In the third embodiment, the main camera 500 has a PTZ function. A subject of interest decision unit 122 of the WS 100 decides (estimates) the subject of interest of the main camera 500 from the image capture range of the main camera 500, and decides the tracking subject of the sub-camera 400 based on the subject of interest of the main camera 500. The tracking subject of the sub-camera 400 may be the same as the subject of interest of the main camera 500 or may be another subject.

An example in which the tracking subject of the sub-camera 400 is decided based on a role set in the sub-camera 400 will be described next.

The role of the sub-camera 400 indicates the control contents of the subject of interest of the main camera 500, the tracking subject of the sub-camera 400 associated with a zoom operation, and the zoom operation. The role of the sub-camera 400 can be set by a user via an operation unit provided on a WS 100 or an EB 200.

Also, when a plurality of sub-cameras are installed, one of the plurality of sub-cameras can be set to the main camera. The user may be allowed to set the main camera via the operation unit provided on the WS 100 or the EB 200. The role of the sub-camera 400 and the main camera setting method are not limited to the above-described methods, and any methods can be used.

FIG. 15 exemplarily shows roles and contents that can be set in the sub-camera 400.

When the role is “main follow”, the role (CAMERA_ROLE) of the sub-camera 400 is to track the same subject as the subject focused by the main camera 500 and perform zoom control in the same phase as the zoom operation of the main camera 500. Based on this role (CAMERA_ROLE), the zoom control value of the sub-camera 400 is calculated. Here, the same phase in the zoom operation means that the zoom operation of the main camera 500 and that of the sub-camera 400 are controlled in the same direction. For example, when the zoom control value of the main camera 500 is changed from the wide angle side to the telephoto side, the zoom of the sub-camera 400 is also changed from the wide angle side to the telephoto side.

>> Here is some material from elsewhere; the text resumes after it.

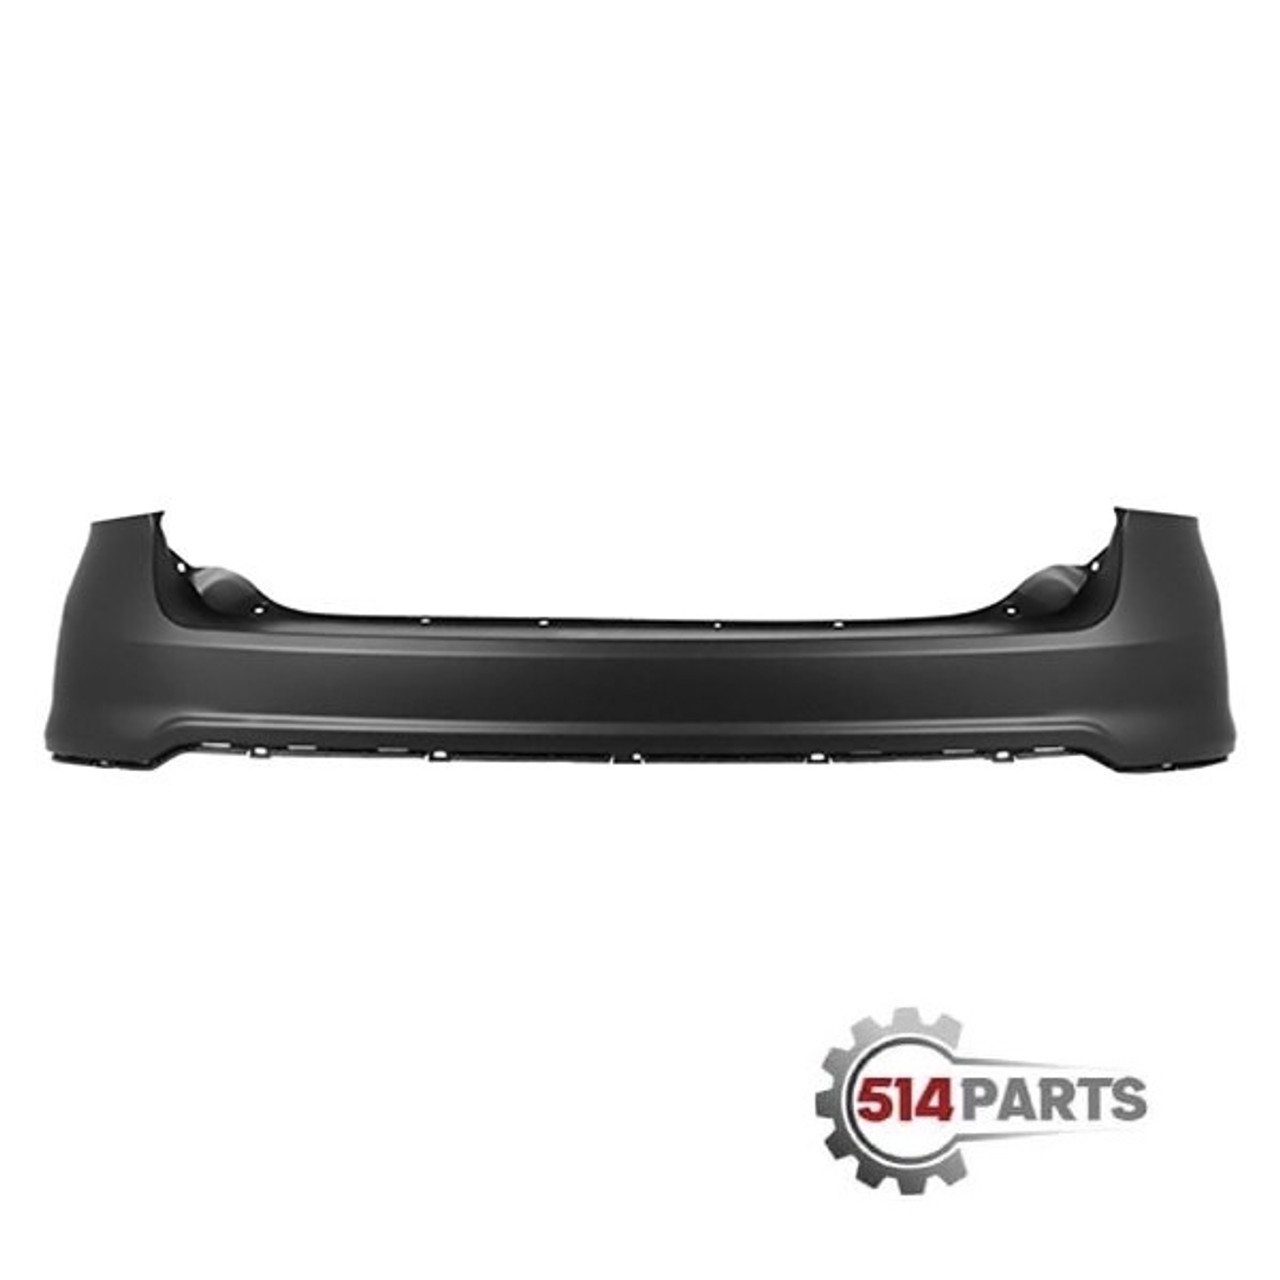 2011 - 2014 FORD EDGE REAR BUMPER COVER - PARE-CHOCS ARRIERE

When the role is “main counter”, the role (CAMERA_ROLE) of the sub-camera 400 is to track the same subject as the subject focused by the main camera 500 and perform zoom control in the phase opposite to the zoom operation of the main camera 500. Based on this role (CAMERA_ROLE), the PTZ value of the sub-camera 400 is calculated. Here, the opposite phase in the zoom operation means that the zoom operation of the main camera 500 and that of the sub-camera 400 are controlled in opposite directions. For example, when the zoom control value of the main camera 500 is changed from the wide angle side to the telephoto side, the zoom of the sub-camera 400 is changed from the telephoto side to the wide angle side.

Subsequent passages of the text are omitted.